WORK ORDER: Set down, please, exactly the lines below that run from the line with "A 9ct White" to the line with "Murray chandelier in antique brass, 5-bulb", both lines included.

▽

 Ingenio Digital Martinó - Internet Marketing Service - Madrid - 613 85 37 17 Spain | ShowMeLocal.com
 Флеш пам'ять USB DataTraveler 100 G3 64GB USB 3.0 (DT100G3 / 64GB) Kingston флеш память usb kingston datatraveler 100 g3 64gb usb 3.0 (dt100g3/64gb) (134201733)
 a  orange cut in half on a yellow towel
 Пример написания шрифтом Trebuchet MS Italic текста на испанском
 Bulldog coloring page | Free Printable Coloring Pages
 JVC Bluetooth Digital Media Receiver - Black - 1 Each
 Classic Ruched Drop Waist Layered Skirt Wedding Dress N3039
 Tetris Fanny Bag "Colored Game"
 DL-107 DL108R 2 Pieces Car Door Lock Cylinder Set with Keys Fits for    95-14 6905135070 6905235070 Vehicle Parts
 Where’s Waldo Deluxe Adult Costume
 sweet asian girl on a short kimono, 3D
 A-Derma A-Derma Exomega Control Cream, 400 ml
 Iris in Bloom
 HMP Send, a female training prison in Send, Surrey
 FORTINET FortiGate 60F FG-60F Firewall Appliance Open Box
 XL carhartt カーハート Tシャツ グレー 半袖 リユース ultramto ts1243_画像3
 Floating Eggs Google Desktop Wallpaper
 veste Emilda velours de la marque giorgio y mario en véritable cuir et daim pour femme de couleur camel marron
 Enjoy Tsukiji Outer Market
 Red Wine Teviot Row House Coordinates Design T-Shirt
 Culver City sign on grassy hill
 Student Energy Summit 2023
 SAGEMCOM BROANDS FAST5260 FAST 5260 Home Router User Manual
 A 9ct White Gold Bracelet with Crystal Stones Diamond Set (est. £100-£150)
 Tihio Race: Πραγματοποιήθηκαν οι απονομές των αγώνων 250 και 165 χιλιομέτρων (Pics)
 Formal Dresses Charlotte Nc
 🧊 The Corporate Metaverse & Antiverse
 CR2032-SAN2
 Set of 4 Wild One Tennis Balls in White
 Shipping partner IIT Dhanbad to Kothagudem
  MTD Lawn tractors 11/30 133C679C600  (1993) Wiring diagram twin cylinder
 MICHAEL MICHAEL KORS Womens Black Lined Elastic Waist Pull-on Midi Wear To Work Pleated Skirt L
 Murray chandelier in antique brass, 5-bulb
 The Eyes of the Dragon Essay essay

△

REPLY TO THE EXERCISE:
 A 9ct White Gold Bracelet with Crystal Stones Diamond Set (est. £100-£150)
 Tihio Race: Πραγματοποιήθηκαν οι απονομές των αγώνων 250 και 165 χιλιομέτρων (Pics)
 Formal Dresses Charlotte Nc
 🧊 The Corporate Metaverse & Antiverse
 CR2032-SAN2
 Set of 4 Wild One Tennis Balls in White
 Shipping partner IIT Dhanbad to Kothagudem
  MTD Lawn tractors 11/30 133C679C600  (1993) Wiring diagram twin cylinder
 MICHAEL MICHAEL KORS Womens Black Lined Elastic Waist Pull-on Midi Wear To Work Pleated Skirt L
 Murray chandelier in antique brass, 5-bulb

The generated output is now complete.